Provided data:
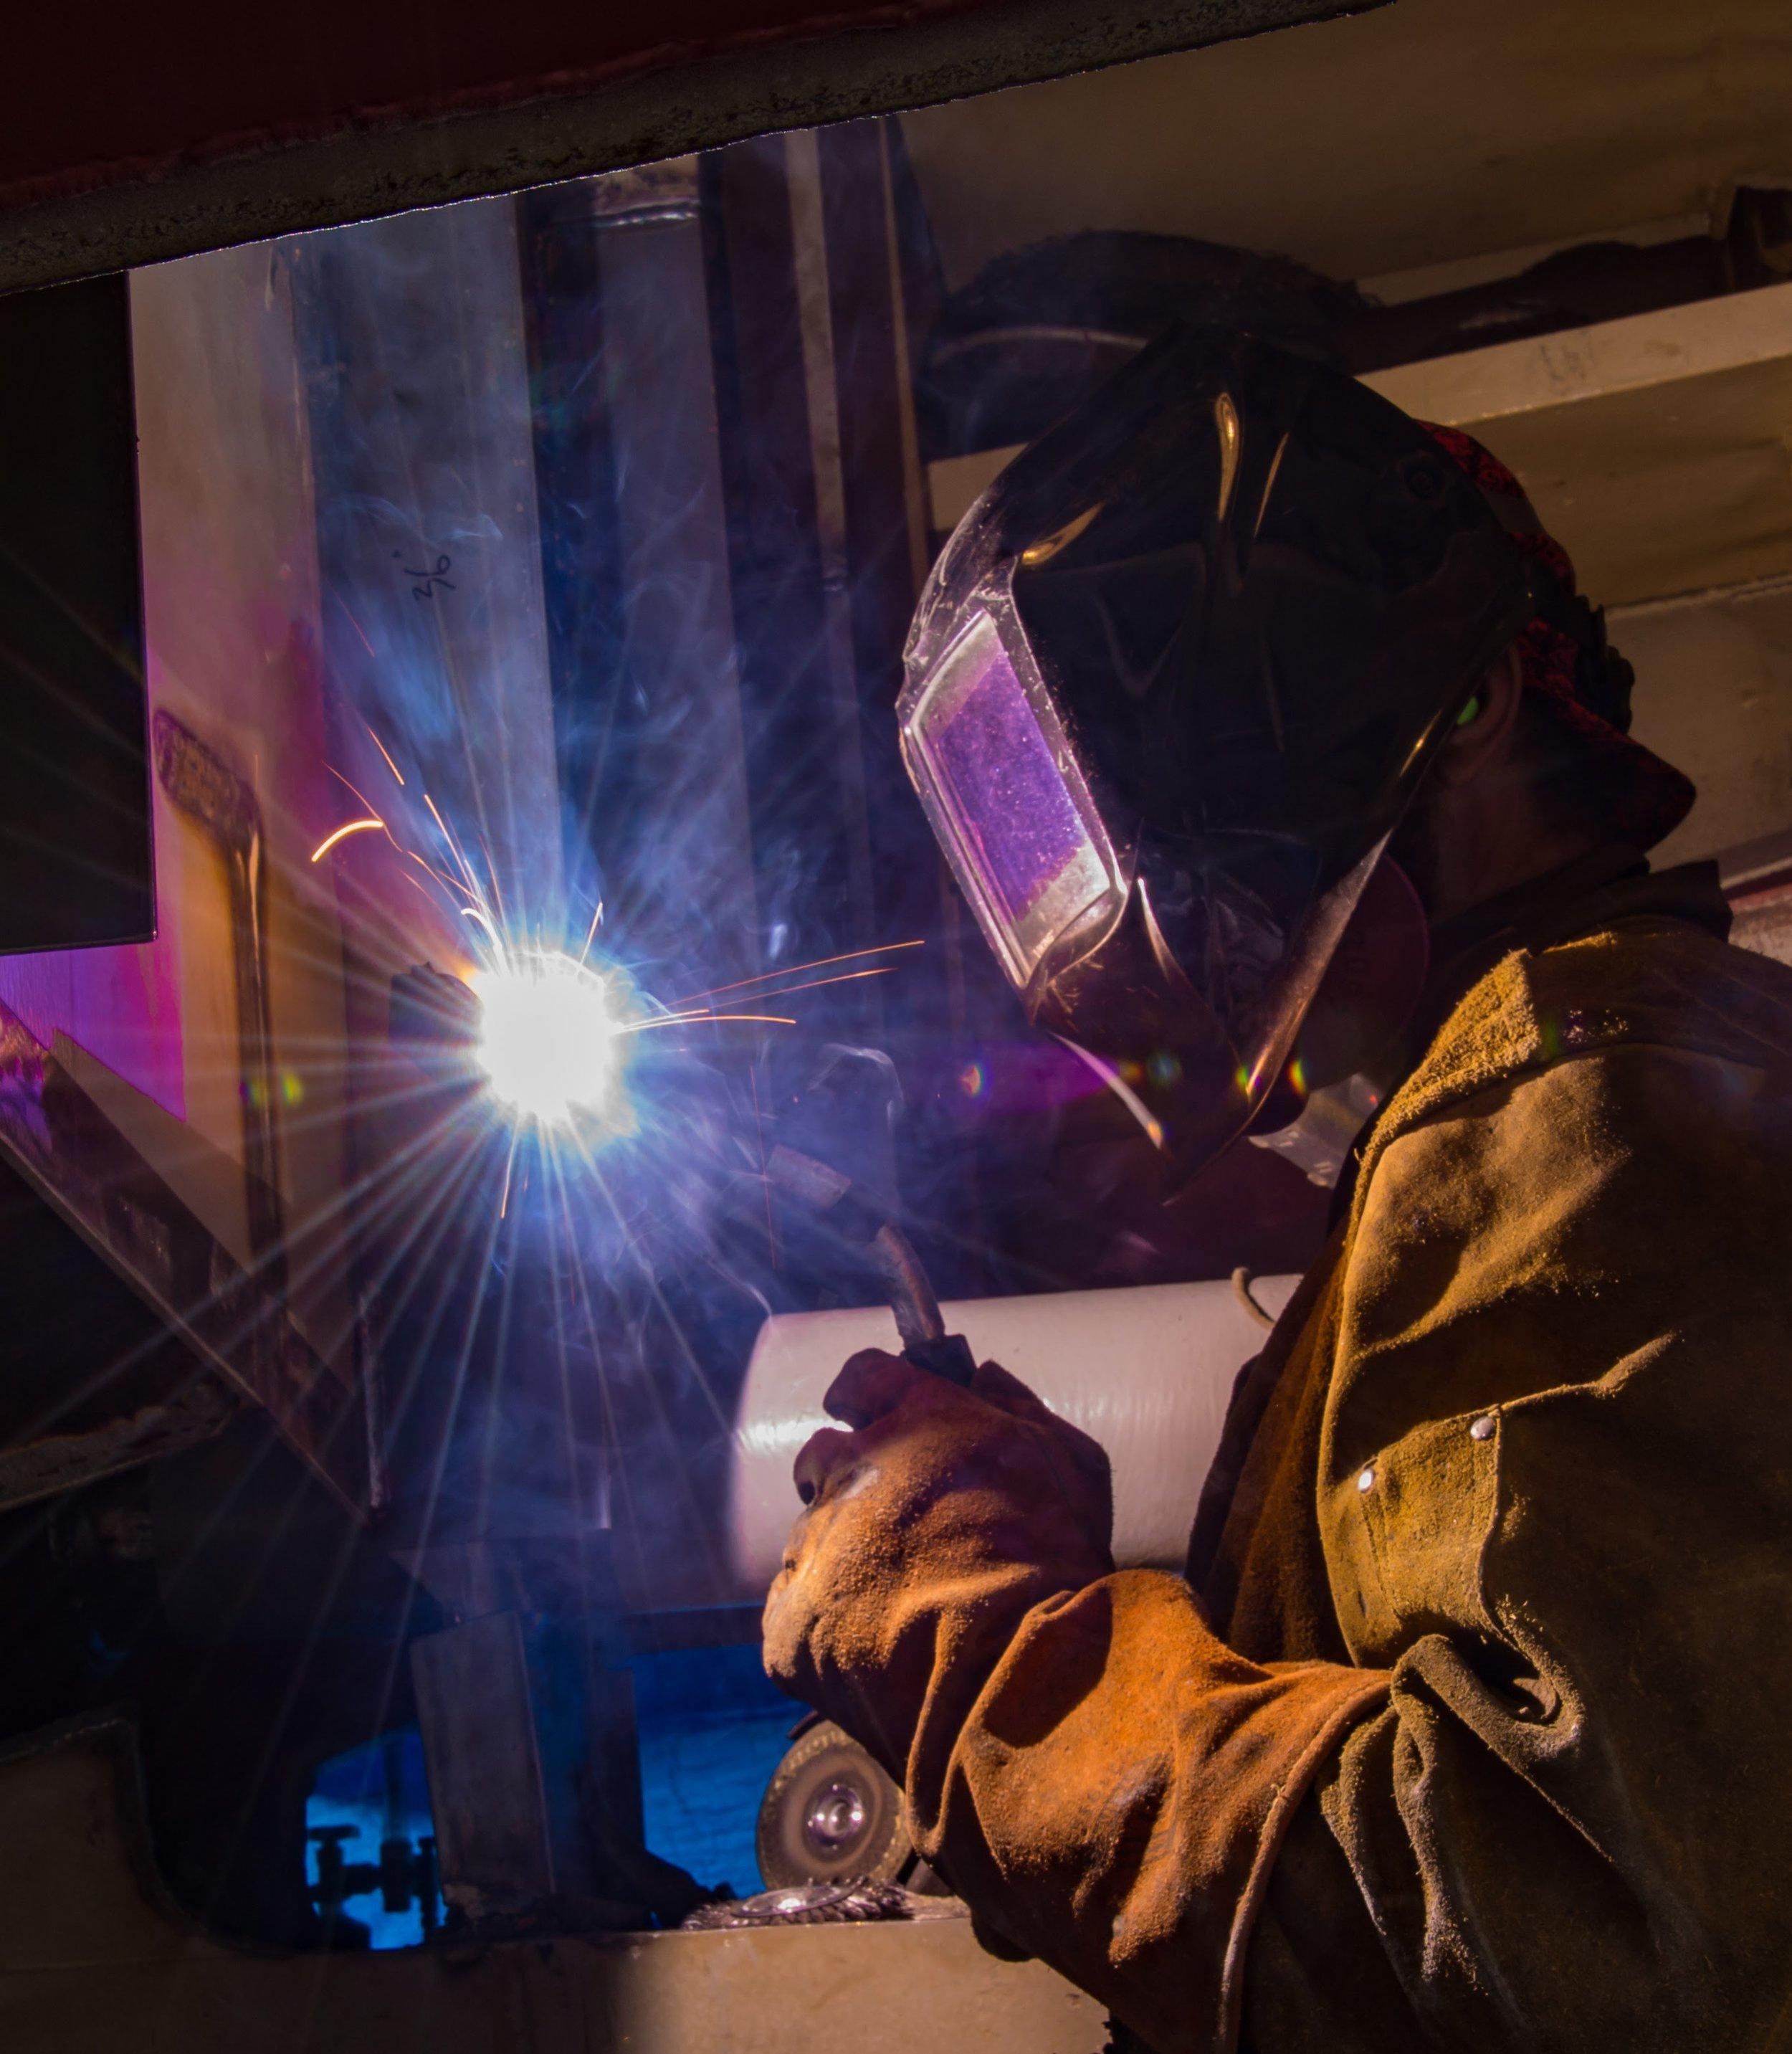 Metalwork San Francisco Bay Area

* * *

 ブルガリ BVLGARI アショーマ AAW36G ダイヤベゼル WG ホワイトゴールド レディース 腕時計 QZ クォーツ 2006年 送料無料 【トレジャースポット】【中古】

--

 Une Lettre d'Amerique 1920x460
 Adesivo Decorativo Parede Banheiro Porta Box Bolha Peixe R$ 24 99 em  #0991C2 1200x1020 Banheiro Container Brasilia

Problem requirements: In the material above, find the line containing "Une Lettre d'Amerique 1920x460" and the line containing "Adesivo Decorativo Parede", then write out exactly those two lines and every line between them, and nothing more.

Answer space:
 Une Lettre d'Amerique 1920x460
 Adesivo Decorativo Parede Banheiro Porta Box Bolha Peixe R$ 24 99 em  #0991C2 1200x1020 Banheiro Container Brasilia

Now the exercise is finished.